(Task input):
•••••

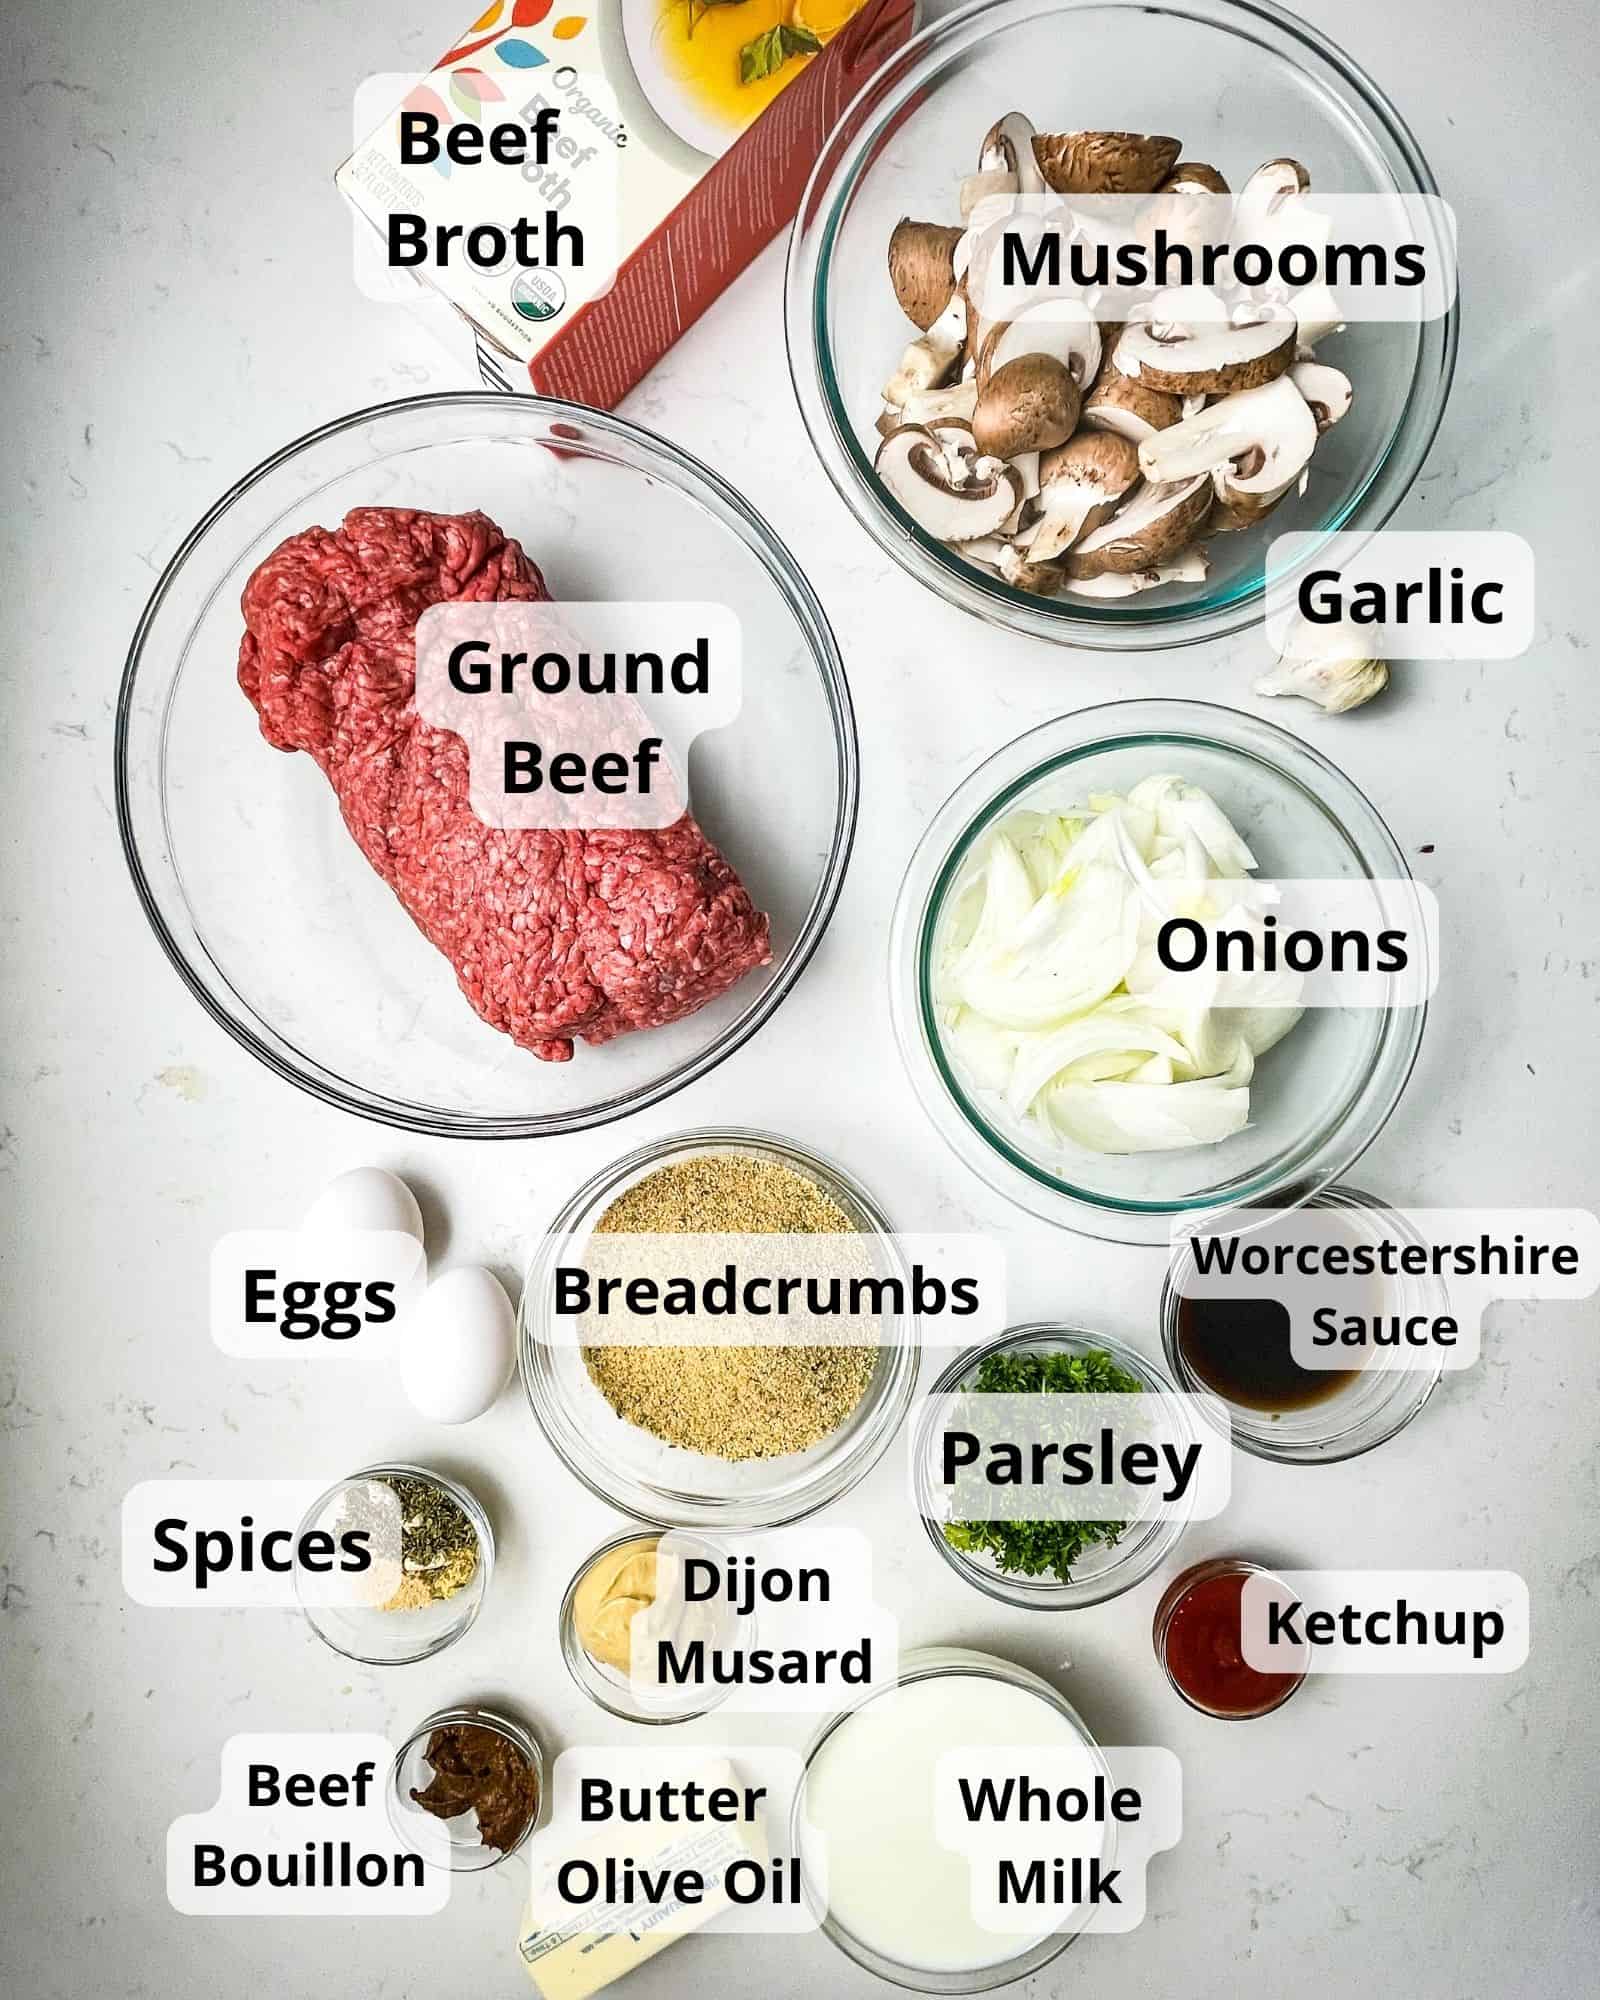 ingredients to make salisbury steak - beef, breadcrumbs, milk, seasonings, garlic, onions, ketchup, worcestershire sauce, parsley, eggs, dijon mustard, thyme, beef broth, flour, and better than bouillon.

•••••

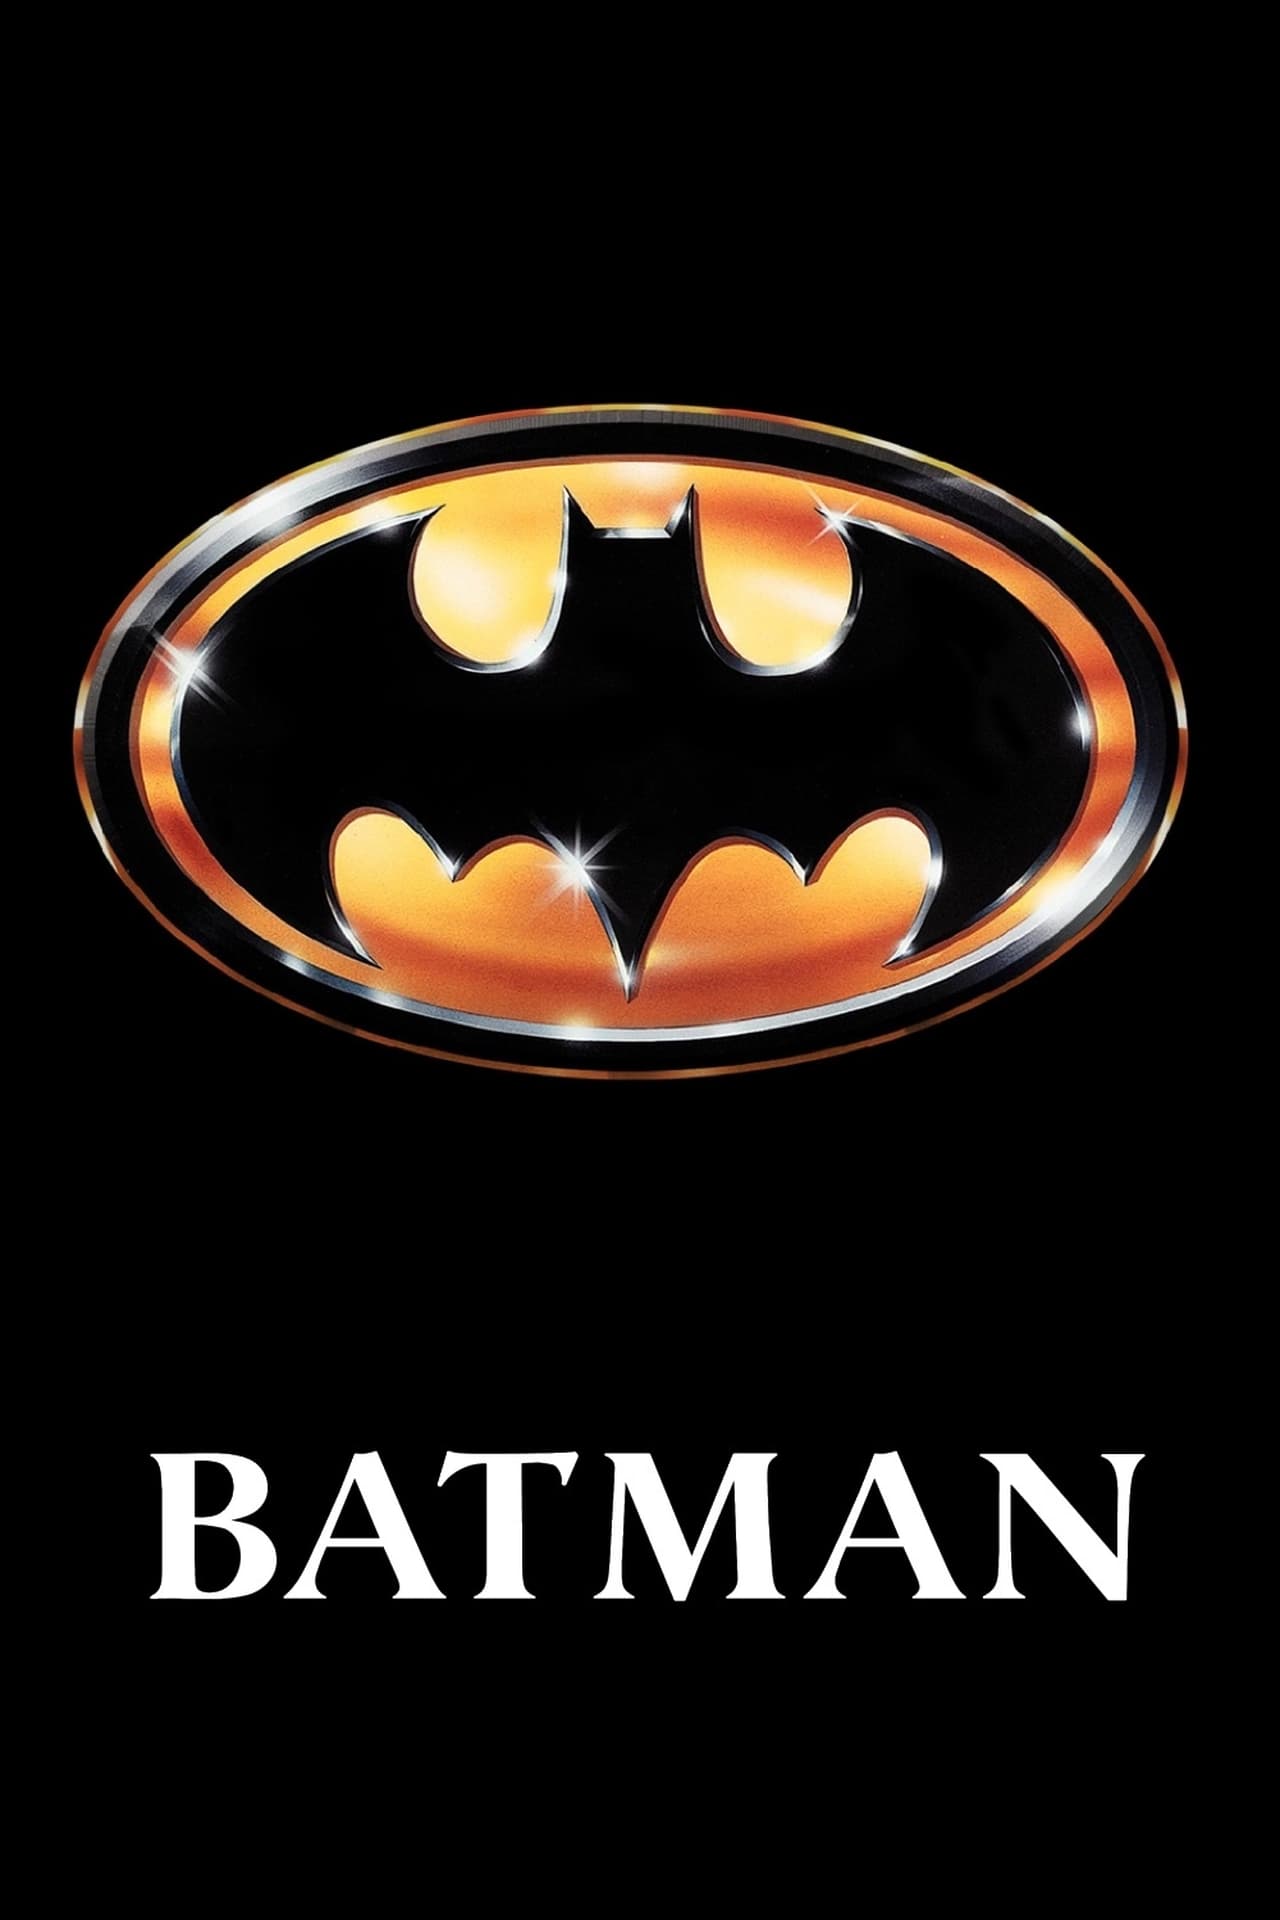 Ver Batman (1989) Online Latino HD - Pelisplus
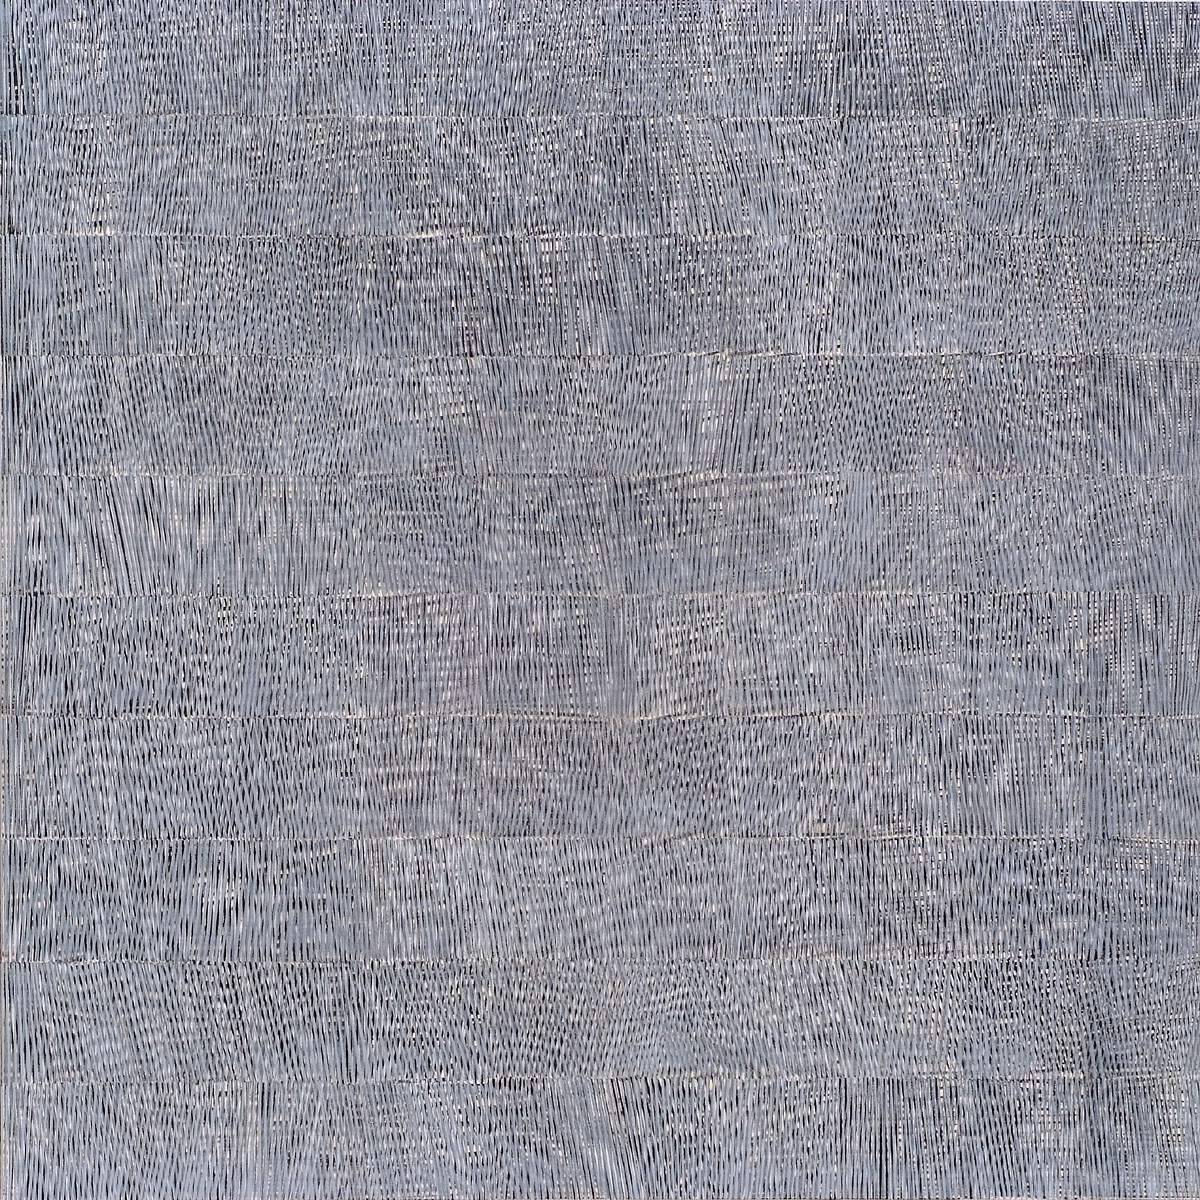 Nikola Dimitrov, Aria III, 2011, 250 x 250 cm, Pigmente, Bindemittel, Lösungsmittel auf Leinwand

•••••

Going by the data above, give back only the lines from the one containing "Ver Batman (1989)" through the one containing "Nikola Dimitrov, Aria", exactly as they stand, both ends included and no images.

(Result of this task):
 Ver Batman (1989) Online Latino HD - Pelisplus
 Nikola Dimitrov, Aria III, 2011, 250 x 250 cm, Pigmente, Bindemittel, Lösungsmittel auf Leinwand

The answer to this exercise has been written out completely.